Here's another line so we can see what happens with line removals and additions. I want to see how `git diff --word-diff` handles it all!
+
+Here's a new line.
But here's git diff --word-diff
for the same content:
This is a test file to see how word diff responds in certain situations.
I'll try removing lines and adding them to see what happens.
Here's another line so we can see what happens with line removals and additions. I want to see how `git diff --word-diff` handles it all!
{+Here's a new line.+}
The removed and added empty lines are completely ignored.

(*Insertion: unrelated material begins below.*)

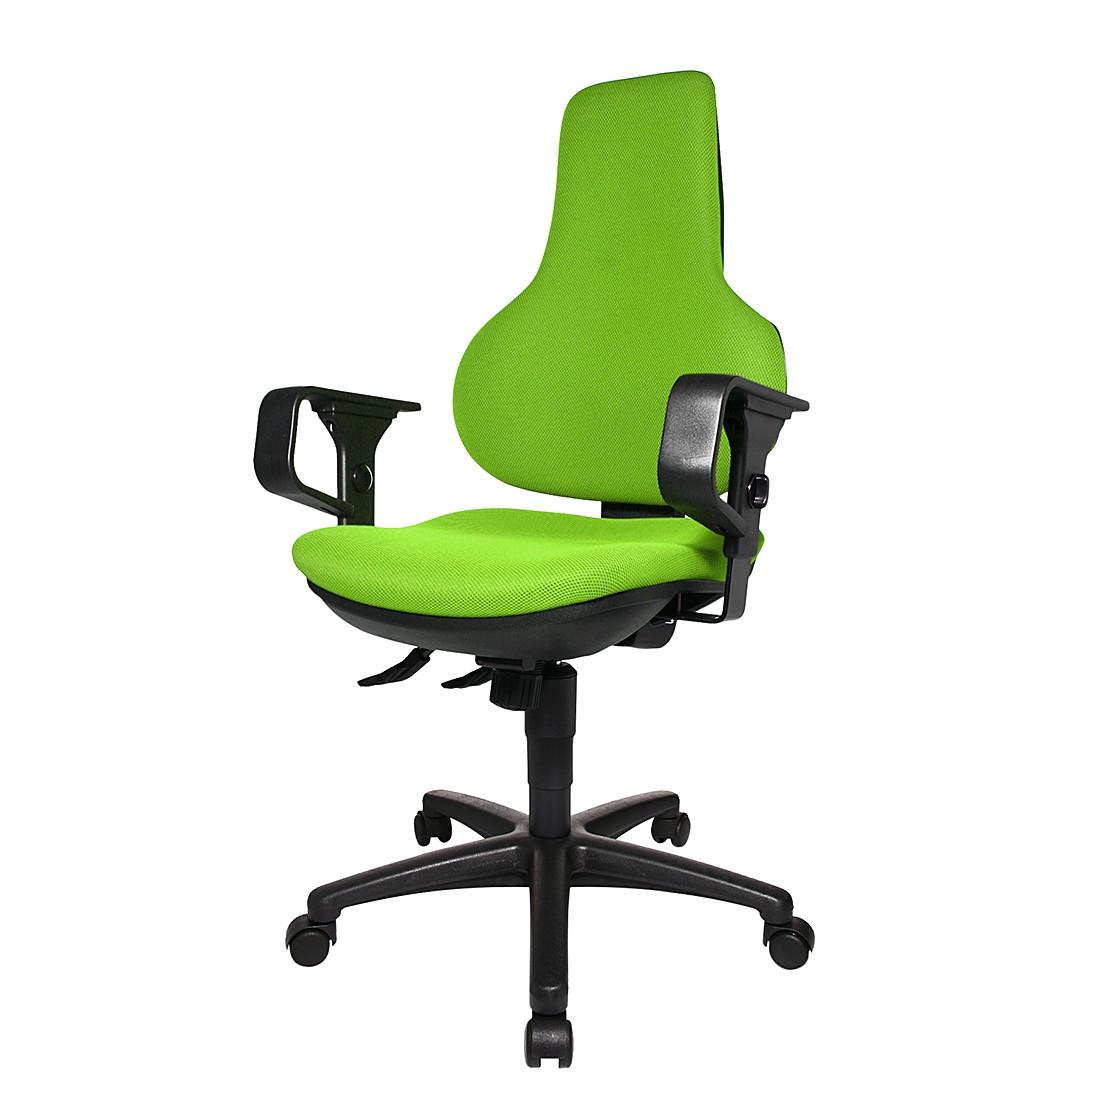 Bürodrehstuhl Ergo Point SY – Mit Armlehnen – Grün, Topstar online kaufen

Putting the two examples above together. Here's what I'd like to see:
# Test file{+ in Markdown+}
This is a test file to see how word diff responds in certain situations.
{--}
I'll try removing lines and adding them to see what happens.

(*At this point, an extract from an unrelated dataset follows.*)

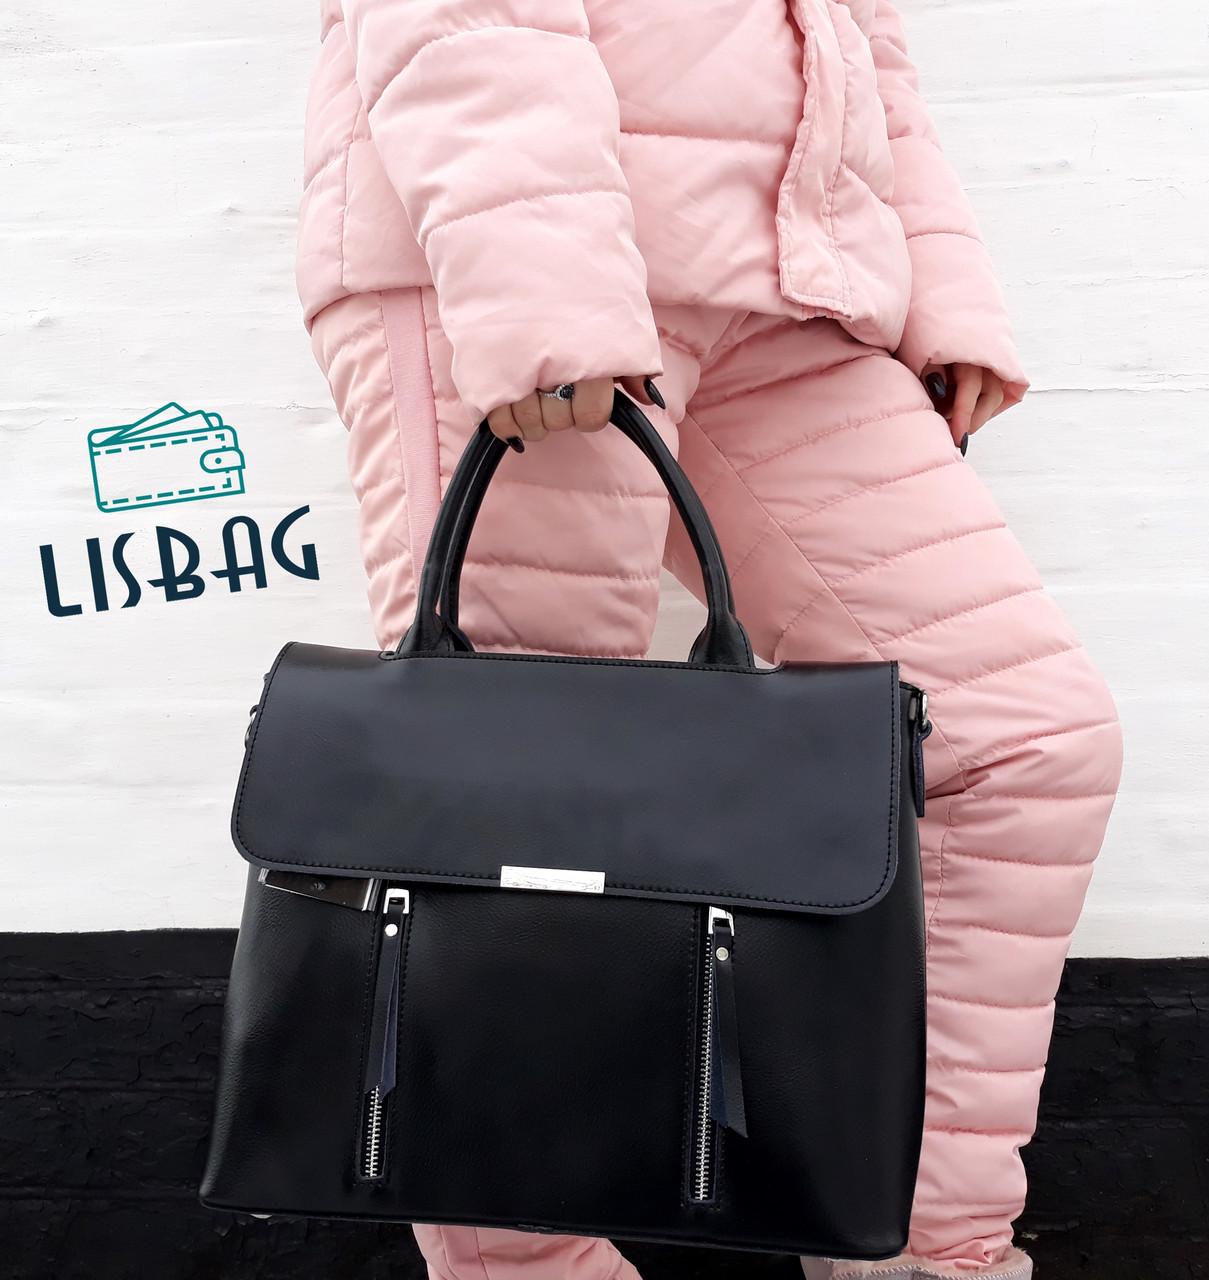 2bfe2f726c13 Большая кожаная сумка формата А4 Galanty черная: продажа, цена в ...

Here's another line so we can see what happens with line removals and additions. I want to see how `git diff --word-diff` handles it all!
{++}
{+Here's a new line.+}
git diff --word-diff-regex='.'
seems too granular for when new words share characters with existing wordsgit diff --word-diff-regex='[^ ]+|[ ]'
seems to solve the first problem but, to be honest, I'm not actually sure why.git diff --word-diff-regex='[^ ]+|[ ]|^$'
-- I was hoping the ^$
on the end would help capture empty lines -- but it doesn't and, worse, it then seems to ignore the change that follows.git diff --word-diff-regex='[^ ]+|[ ]|.{0}'
creates same problem as the one before.I'd be grateful if anyone could shed any light on how to do this, or at least share some knowledge on what's going on under the hood with --word-diff-regex
.
Upvotes: 6
Views: 726
Reputation: 124257
The main thing that you're running into that's stopping you from having what you want, from https://git-scm.com/docs/diff-options, is:
A match that contains a newline is silently truncated(!) at the newline.
This is going to mean that word diffs are always going to ignore line diffs. I don't think you're going to achieve the results you want short of a custom diff generator.
Upvotes: 2